Da kam bei Ihnen einiges zusammen.
Felsch: Da kam viel zusammen, und dann kam der in gewisser Weise dramatische Höhepunkt dieses Nachmittags. Gegen Ende unseres Gespräches kamen wir auf den Ukraine-Krieg zu sprechen und das Statement, das Habermas im Frühsommer 2022 in der Süddeutschen Zeitung abgegeben hatte. Er hatte für Zurückhaltung plädiert und sehr viel Kritik dafür geerntet. Er sagte mir in unserem Gespräch, er habe zum ersten Mal das Gefühl, die Reaktion der deutschen Öffentlichkeit nicht mehr zu verstehen. Als ich auf dem Rückweg war, hatte ich das Gefühl, ich bin der alten Bundesrepublik heute noch einmal begegnet, aber möglicherweise auch ihrem Ende. Dem Ende einer bestimmten politischen Kultur, die wir möglicherweise gerade erleben. Und das war der Eindruck, aus dem das Buch hervorgegangen ist.
Jürgen Habermas ist gerade 95 Jahre alt geworden. Was wäre aus Ihrer Sicht der stärkste und der wichtigste Impuls, der von Habermas gekommen ist, der vielleicht auch bleibt?

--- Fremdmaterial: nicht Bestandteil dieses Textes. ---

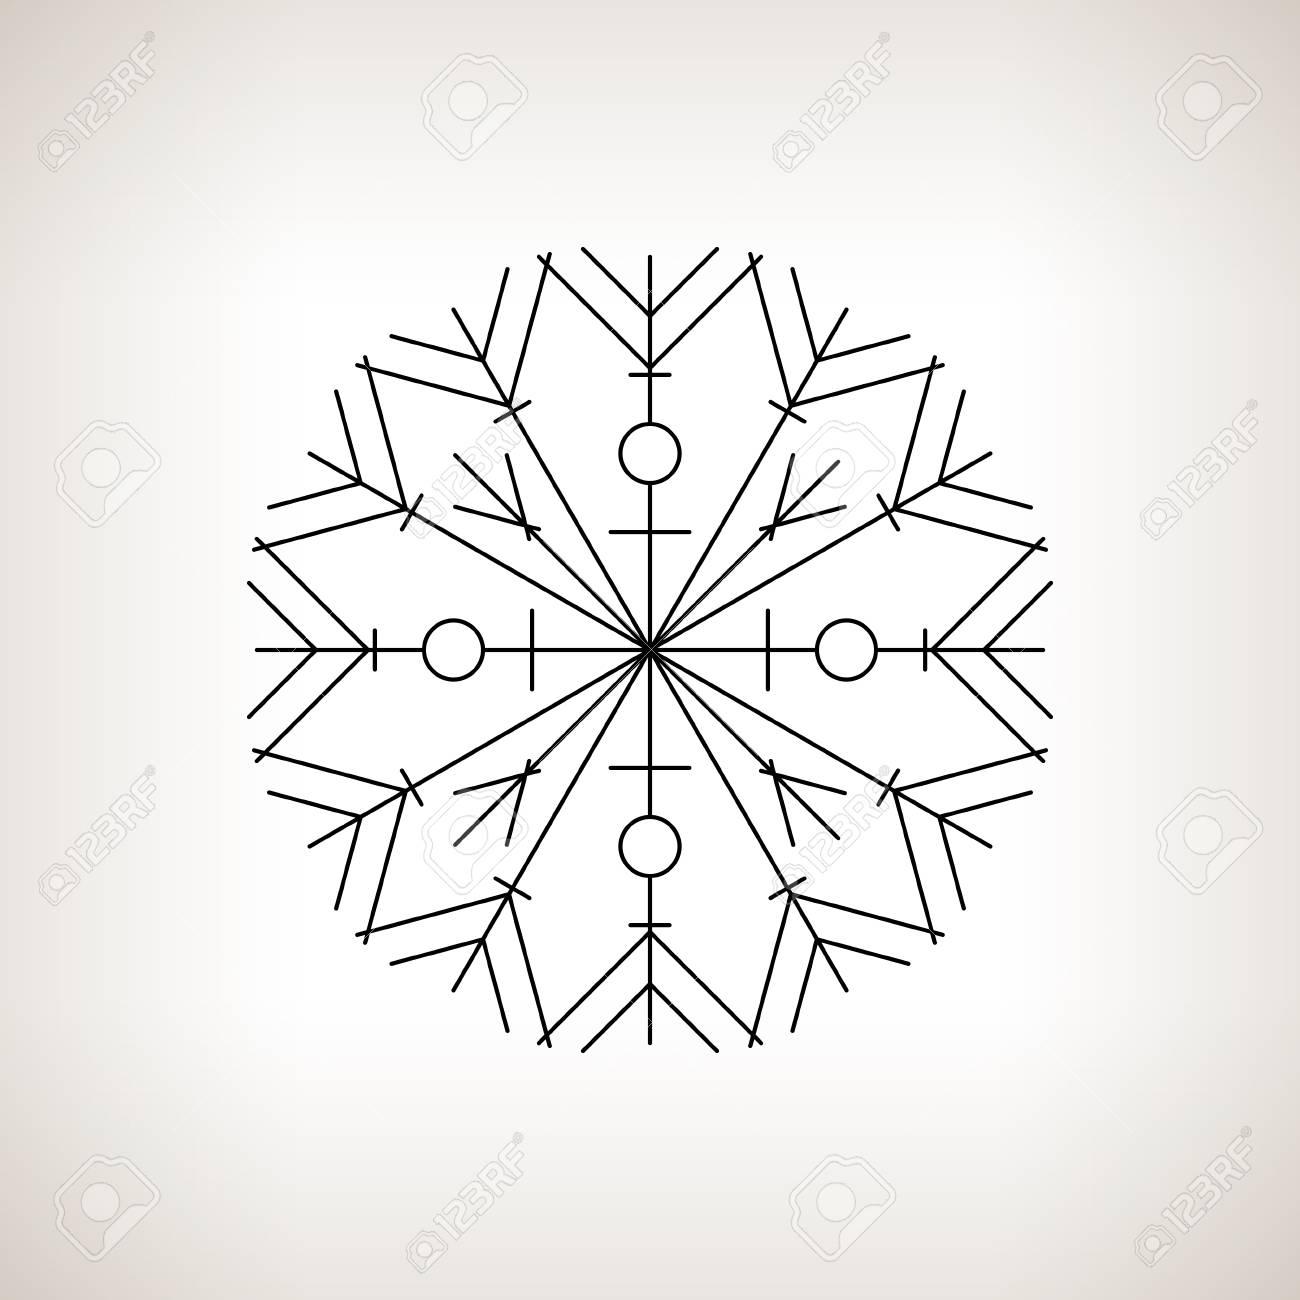 Flocon De Neige Sur Un Fond Clair Joyeux Noel Et Bonne Annee
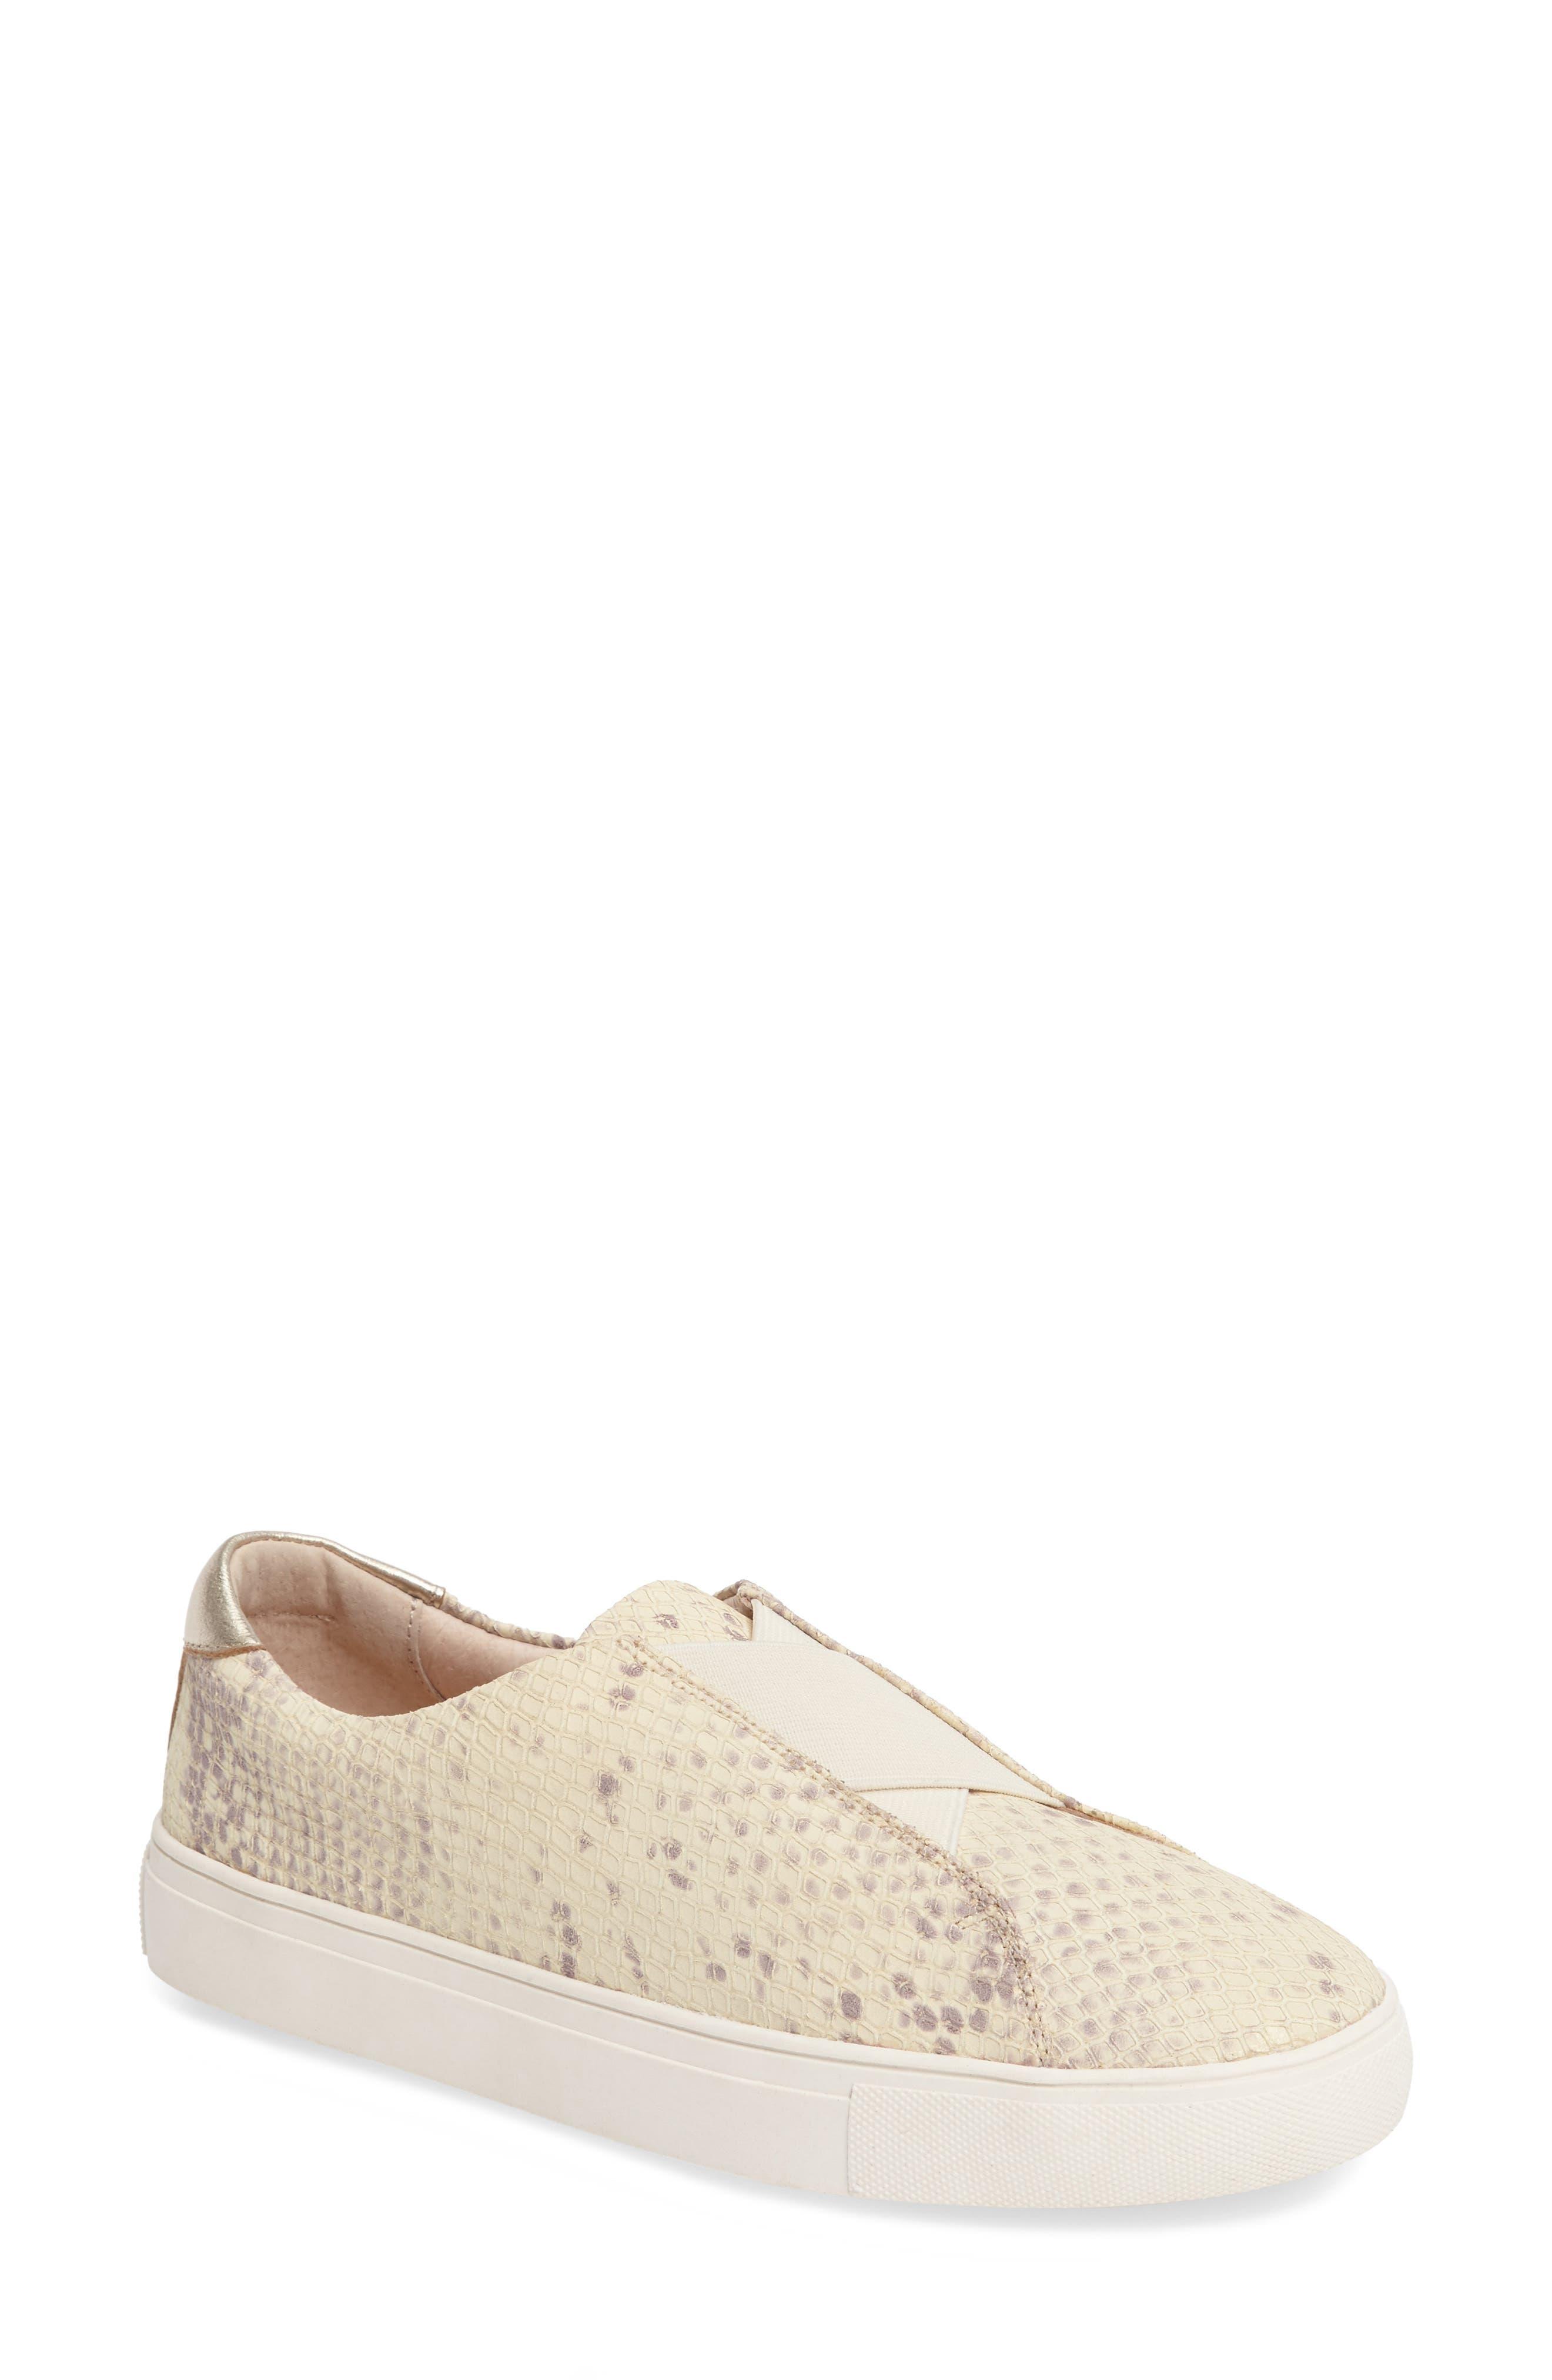 Alternate Image 1 Selected - Sudina Giana Slip-On Sneaker (Women)

Felsch: Ich würde sagen, es sind zwei. Es ist zum einen eine Veränderung der Rolle des Philosophen. Das ist, glaube ich, gerade in der deutschen Kulturgeschichte eine Innovation von Habermas gewesen. Er argumentiert und spricht nicht aus der Stille des Elfenbeinturms, aus der Entrücktheit des Elfenbeinturms, sondern auf der tagespolitischen Höhe der Zeit. Der muss Zeitungsleser und Mediennutzer sein, und das war Habermas immer, und dahinter sollten wir nicht zurückgehen. Das zweite ist tatsächlich das Nachdenken über die Öffentlichkeit. Das hat Habermas im Grunde in den 1960er-Jahren erfunden. Dass liberale Demokratien wesentlich davon abhängen, wie ihre Öffentlichkeit getaktet und geschaltet ist. Wir stecken gerade selbst wieder in so einer massiven Transformation der Öffentlichkeit und ohne uns über diese Form der Kommunikation bewusst zu sein, welche Rolle Medien spielen, ohne darüber nachzudenken, können wir nicht sinnvoll über unser Zusammenleben nachdenken. Das ist ein Erbe von Habermas, das ganz entscheidend ist.
Das Gespräch führte Claudia Christophersen.